Our group with a model of the Wawel in front and the real Wawel in the back.
I admit that the word Krakow does not put a gleam into my eyes. Also, my second visit did not impress me beyond what I feel for other historical places. Krakow was not destroyed in the Second World War, but while its building stock remained intact, I noticed a strong westernization of the city between my first visit in October 2010 and today. The shop where I once bought the famous Krakow sausage had given up to make room for one of those many fashion-label boutiques you will find in any major city around the globe. However, most of the sights did not change, so I do not hesitate to show some of the photos I took during my first visit because the weather was dark, cold, and rainy this time.

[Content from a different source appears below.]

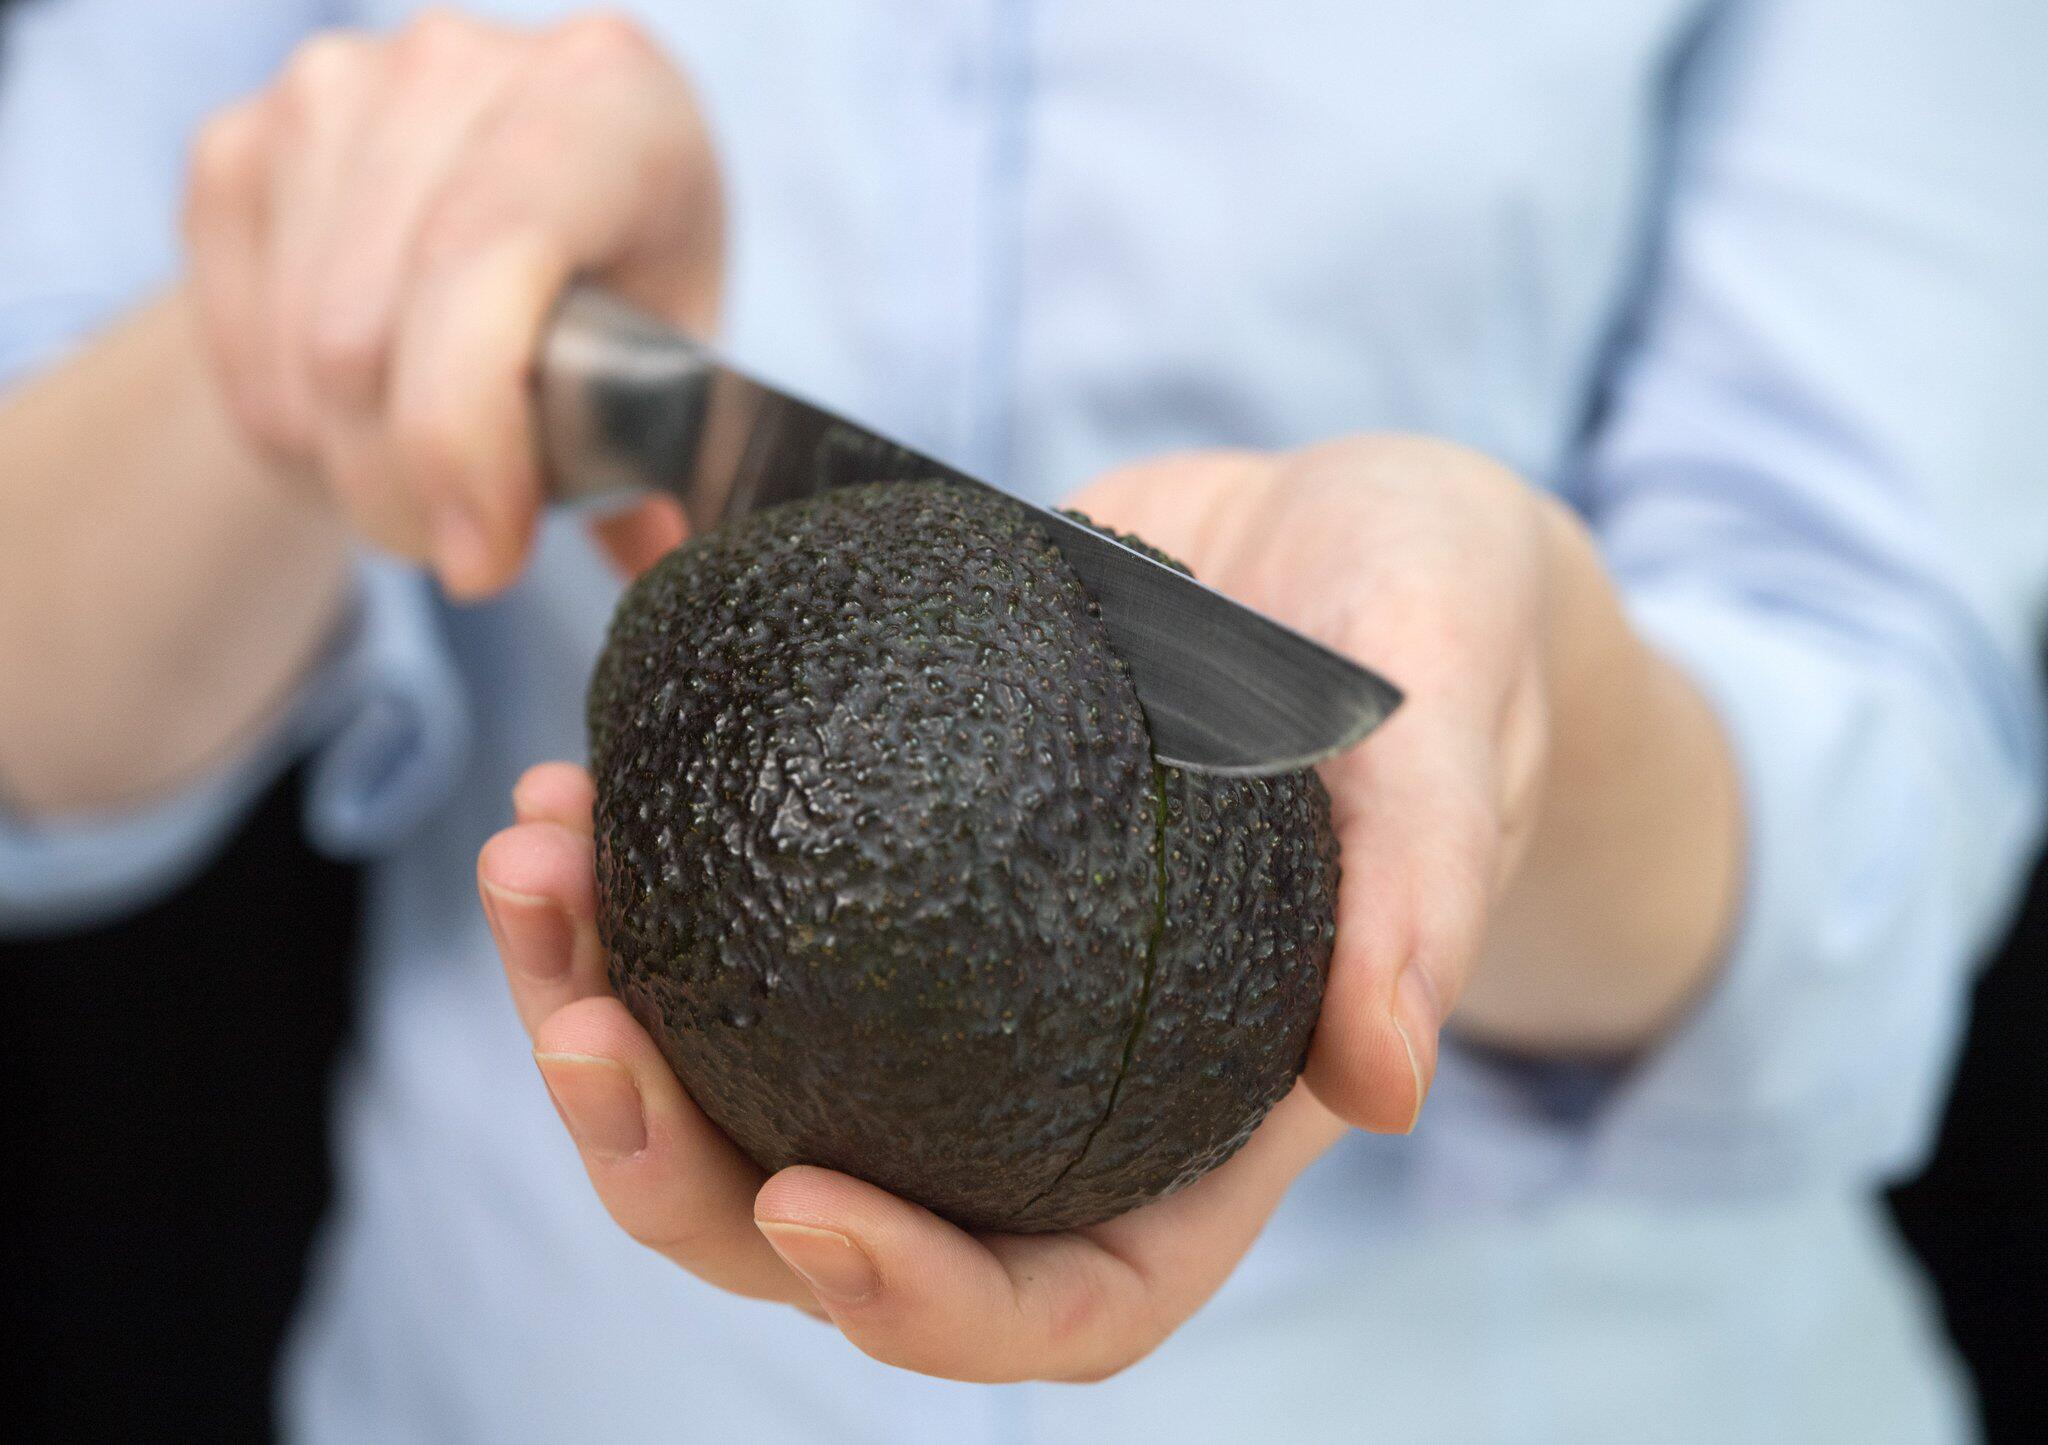 Bild zu Avocado wird geschnitten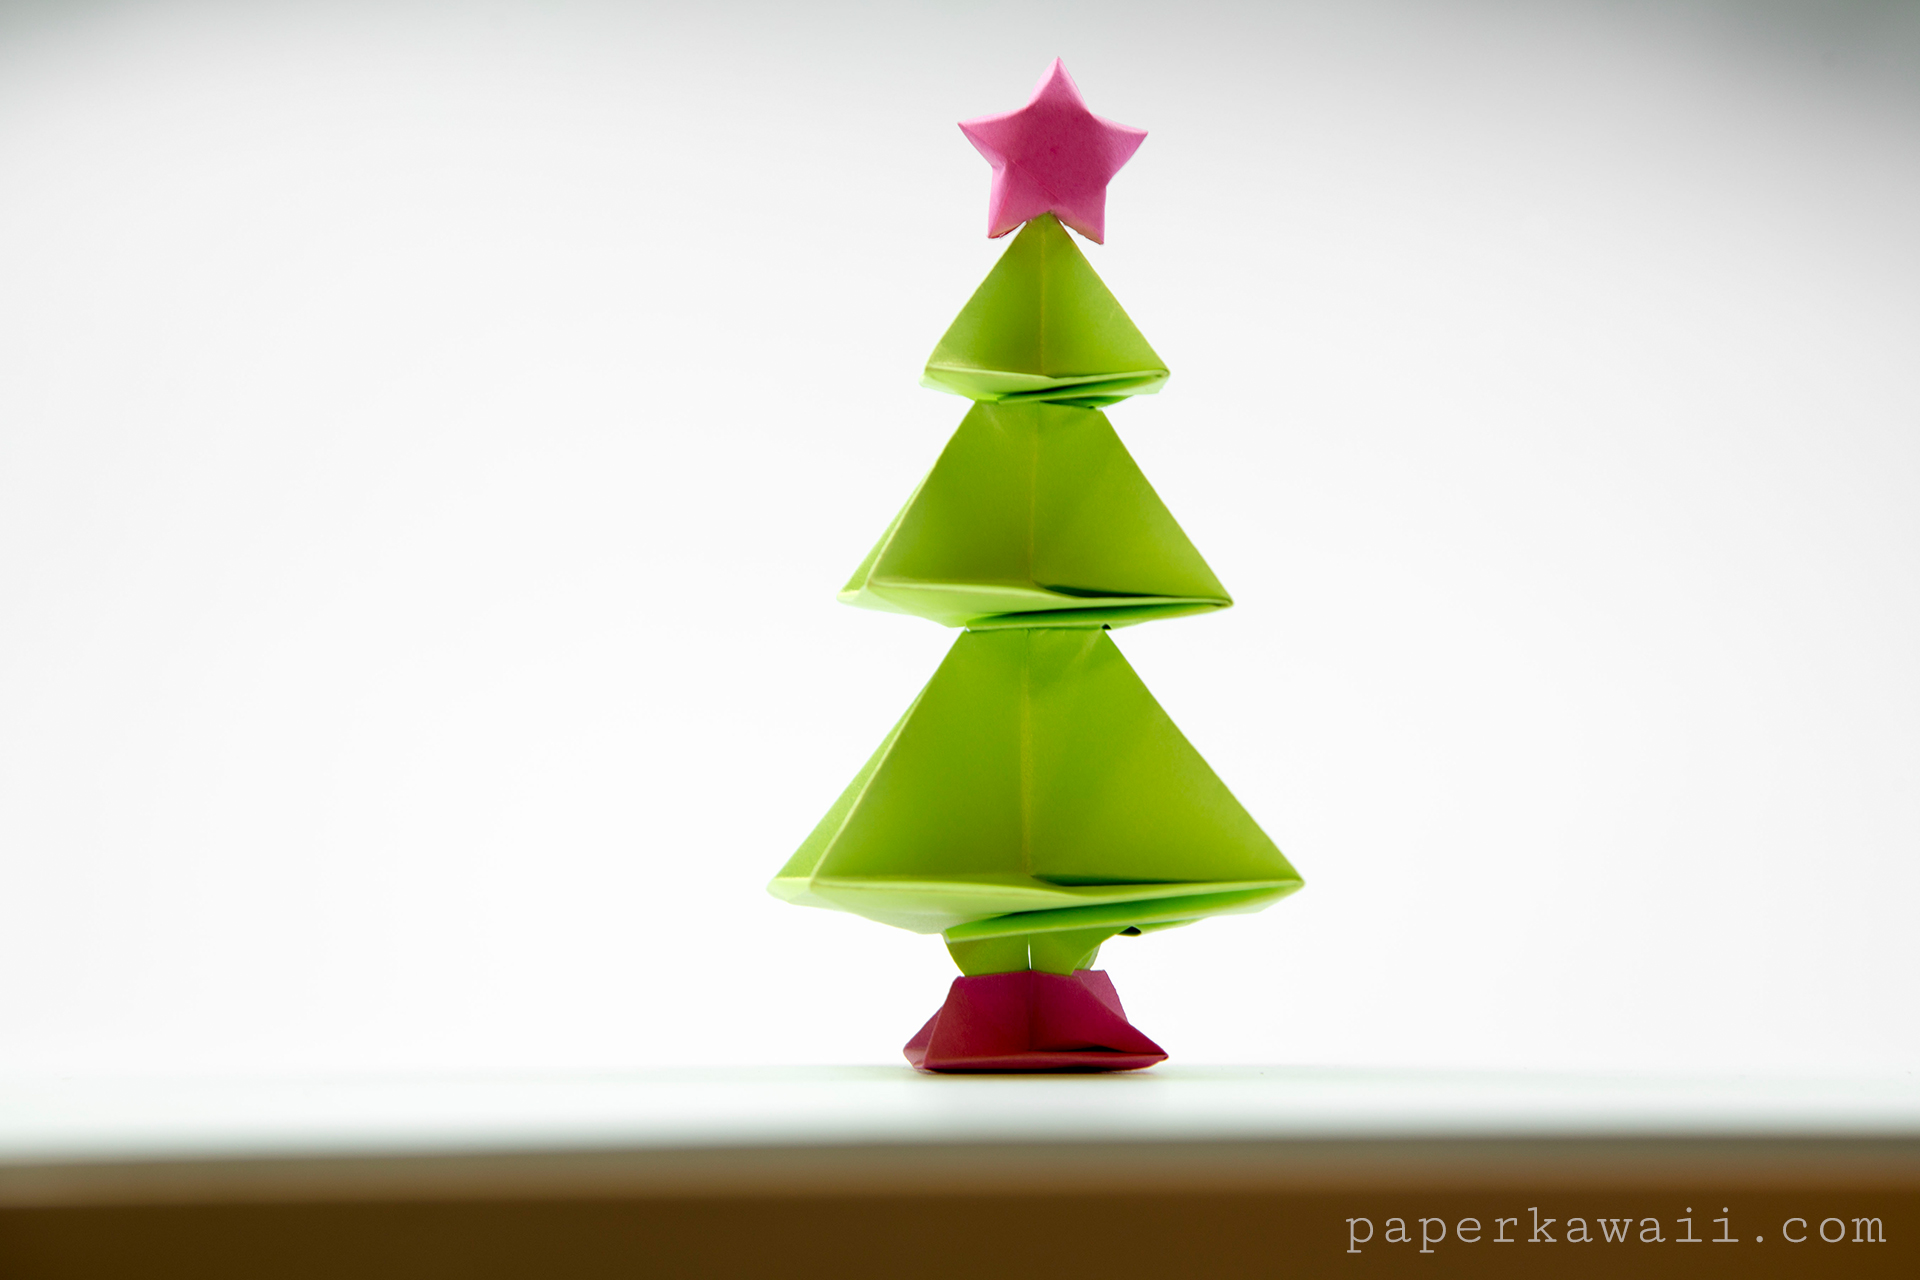 Origami Christmas Tree Tutorial - Paper Kawaii

One person you will meet all over the place is Karol Wojtyla, better known as Pope Jan Pawel II. He was educated in Krakow, where he worked as a priest and archbishop before he was elected pope in 1978. Many, even Catholics, criticize Karol Vojtyla's conservatism,  but they admit that his stubbornness in questions of faith gave a final blow to the communist bloc. Today I learned that Pope John Paul II will be canonized this year.

Wojtyla greets the visitor from a window.
Young Pawel's pew in the Dominican church.
The highlight of a trip to Krakow is a visit to the Wawel, the former royal palace.
At the entrance of the Wawel, a statue of Jan Pawel II
View of the Wawel in the rain.
The inner court
A cultural highlight is exhibited at the Wawel.
Governor Frank's seat, his addition to the Wawel in Nazi-style.
Since this time, my trip to Krakow was a political one, our group visited Schindler's factory, known from the movie Schindler's List.

Schindler's factory
The place now is a museum with an exhibition about the German occupation of Krakow as the capital of the Generalgouvernement. There is some reference to and a nostalgic touch of the Austrian rule before the First World War. This period generally referred to in Europe as the Golden Age, was nonetheless a time of oppression and Germanization for the Polish inhabitants.

Governor Frank's proclamation.
Winter pleasures in occupied Krakow.
Schindler's desk.
Schindler's products.
Schindler's radio
Young Wojtyla in occupied Krakow
On the other hand, the Golden Age was the time of a relatively untroubled Jewish community living in their quarter Kazimierz. Nine synagogues bear witness to their rich religious and cultural life.

Kazimierz today. Our group stayed in the Ester Hotel.
During Nazi rule, the quarter was surrounded by a wall and made into a ghetto.

Entrance to the Jewish ghetto
with the infamous streetcar number 3 running through.
The old (stara) synagogue is just across from our hotel
Another Krakow highlight is the bugler blowing his horn every hour in wind and rain
from the steeple of St Mary's Church. You can barely discern his trumpet in the open window.